Given information >>
++++++++
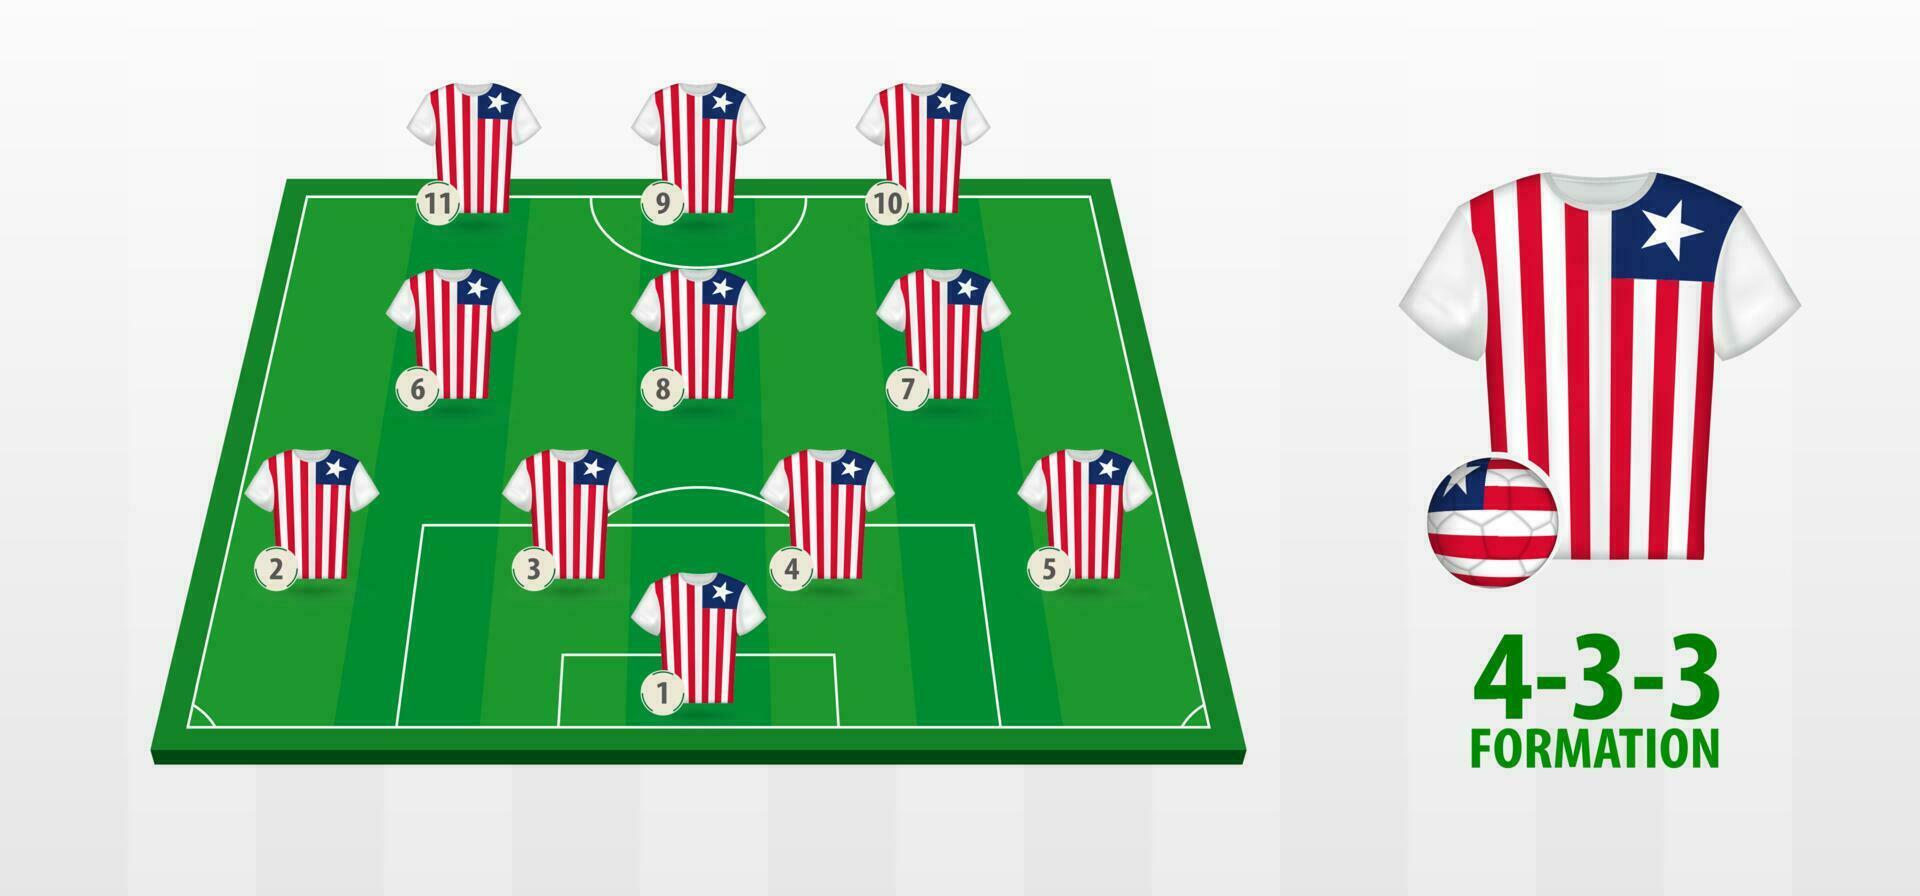 Liberia National Football Team Formation on Football Field. vector
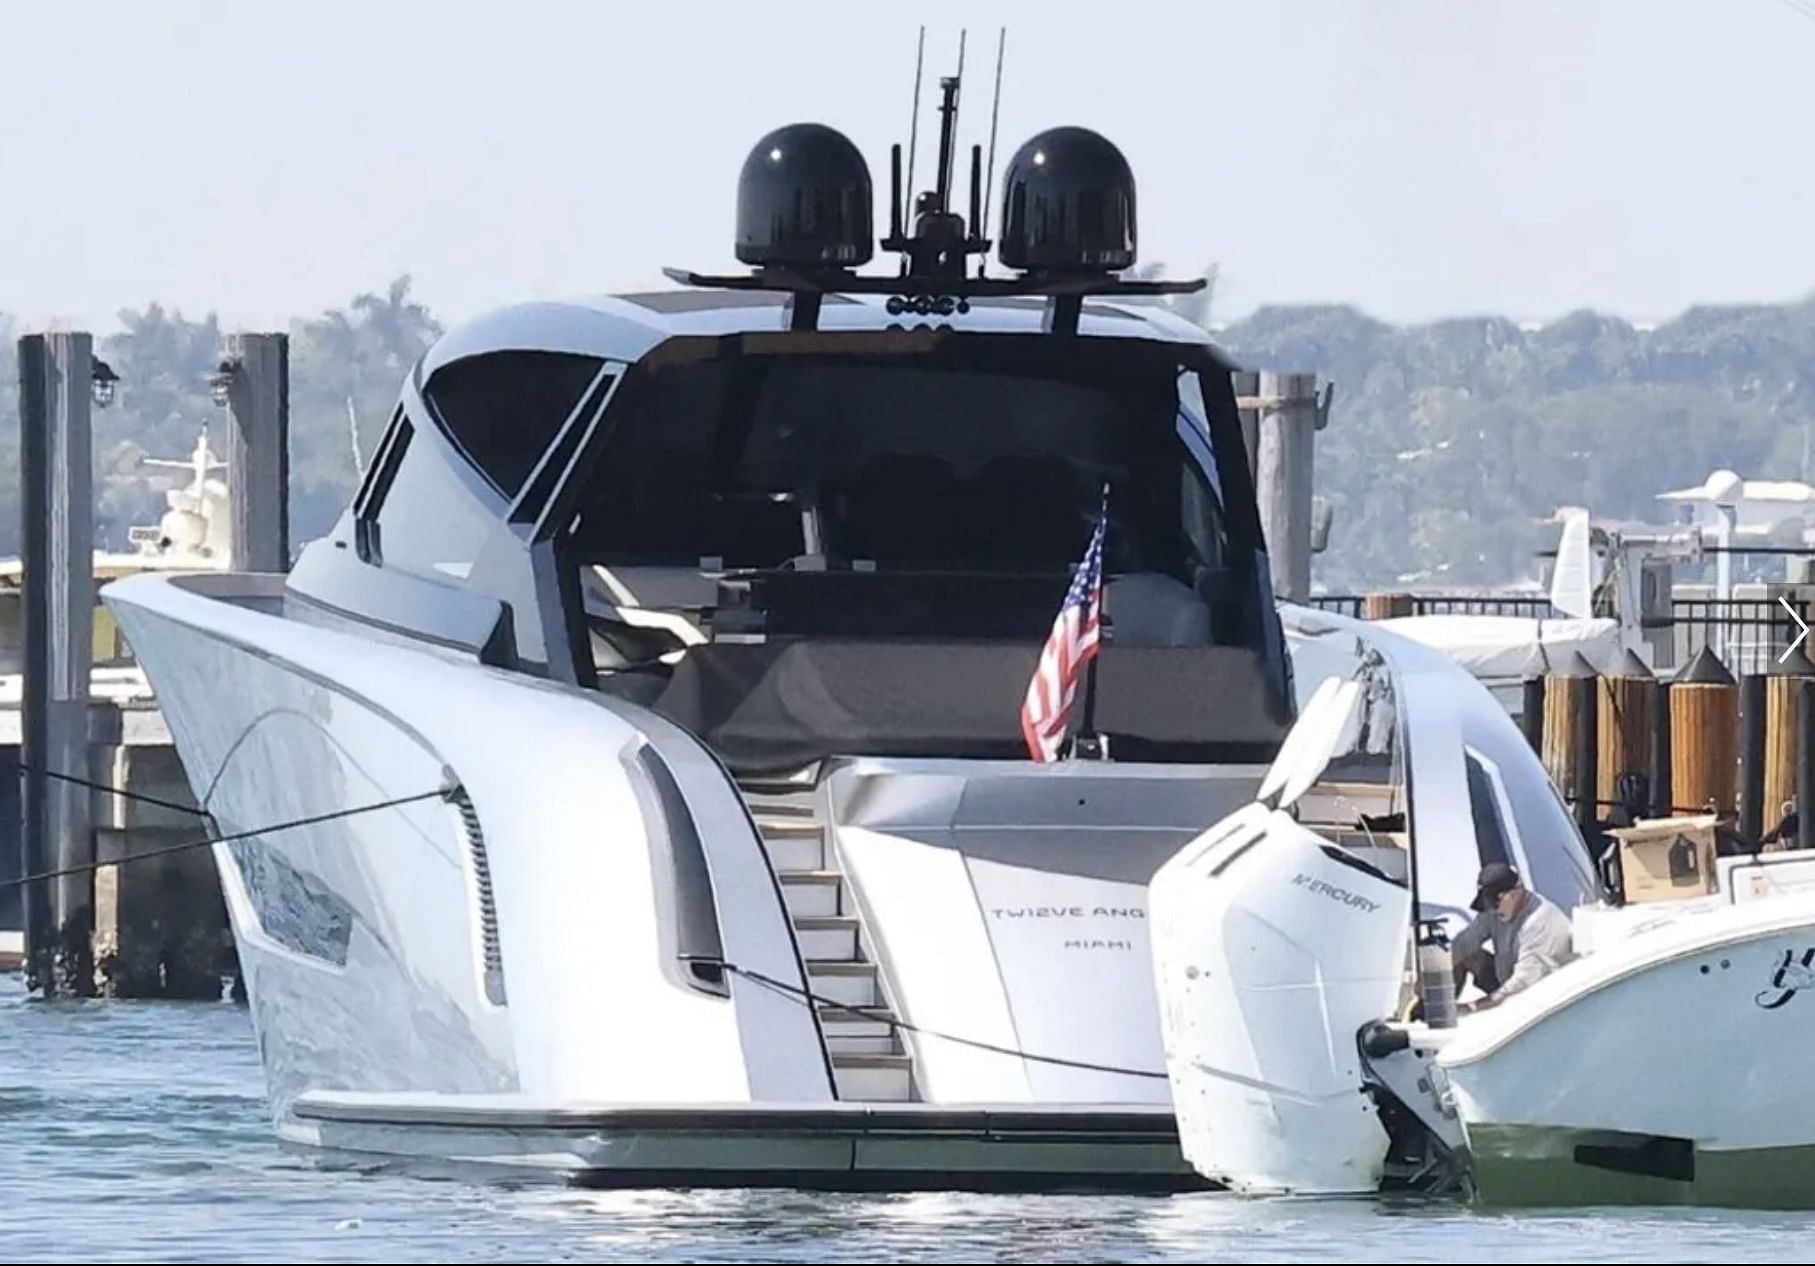 Tom Brady Trades Up (To His Next Yacht): The $6 Million Wajer 77
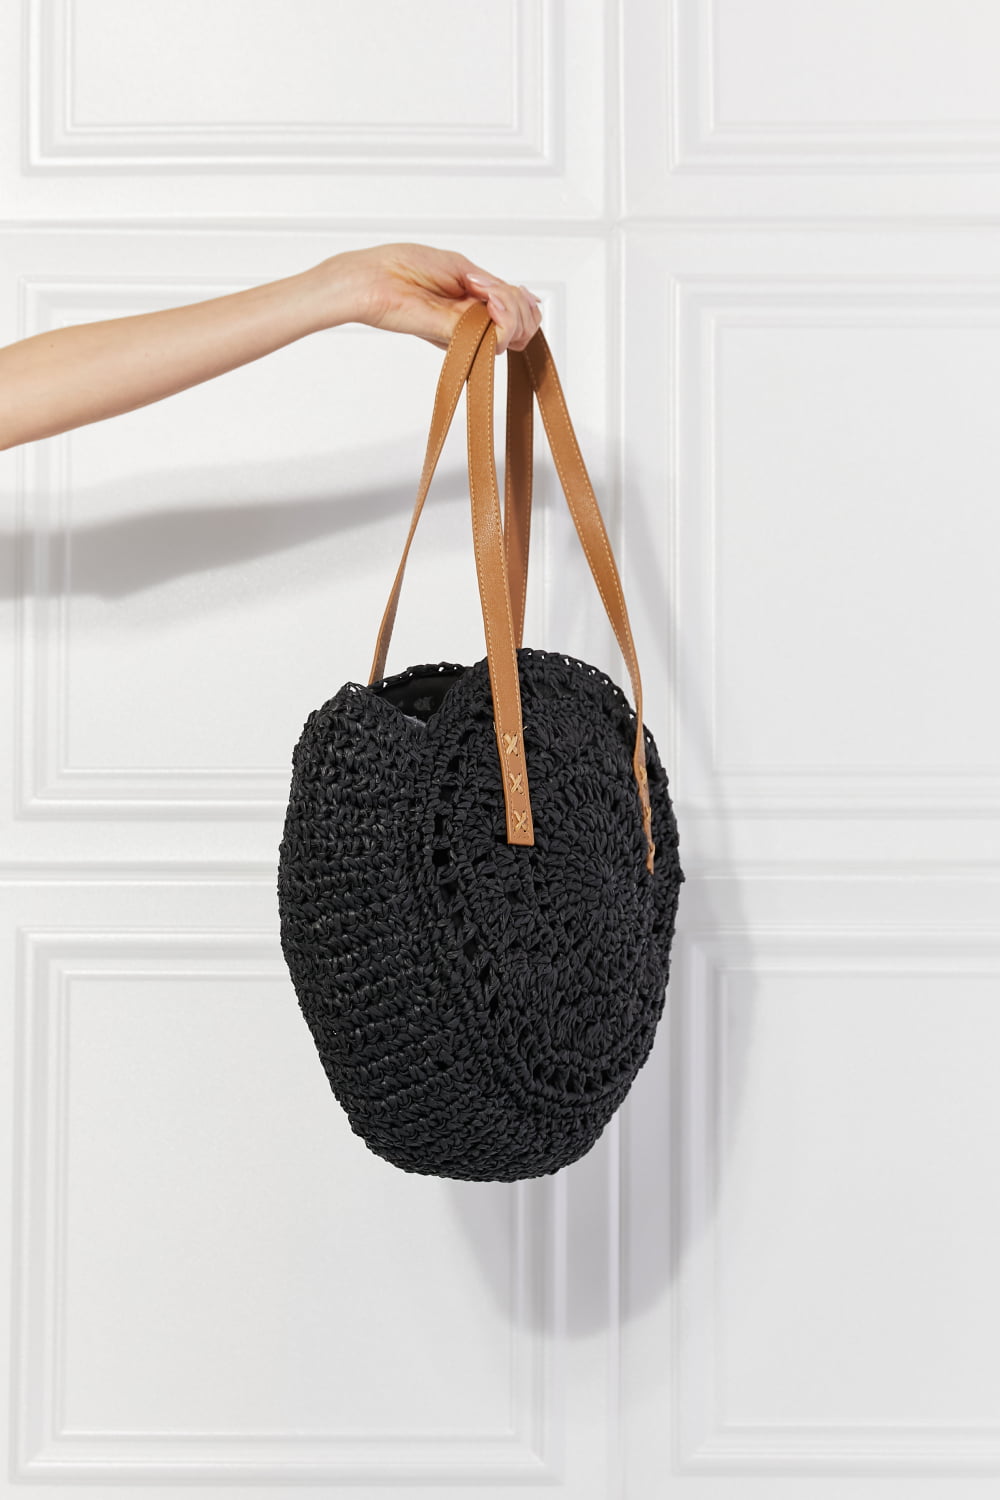 Black Justin Taylor C'est La Vie Crochet Handbag
++++++++
Task requirements >> Take the data above and set it down exactly, images excluded.

Solution to this exercise >>
 Liberia National Football Team Formation on Football Field. vector
 Tom Brady Trades Up (To His Next Yacht): The $6 Million Wajer 77
 Black Justin Taylor C'est La Vie Crochet Handbag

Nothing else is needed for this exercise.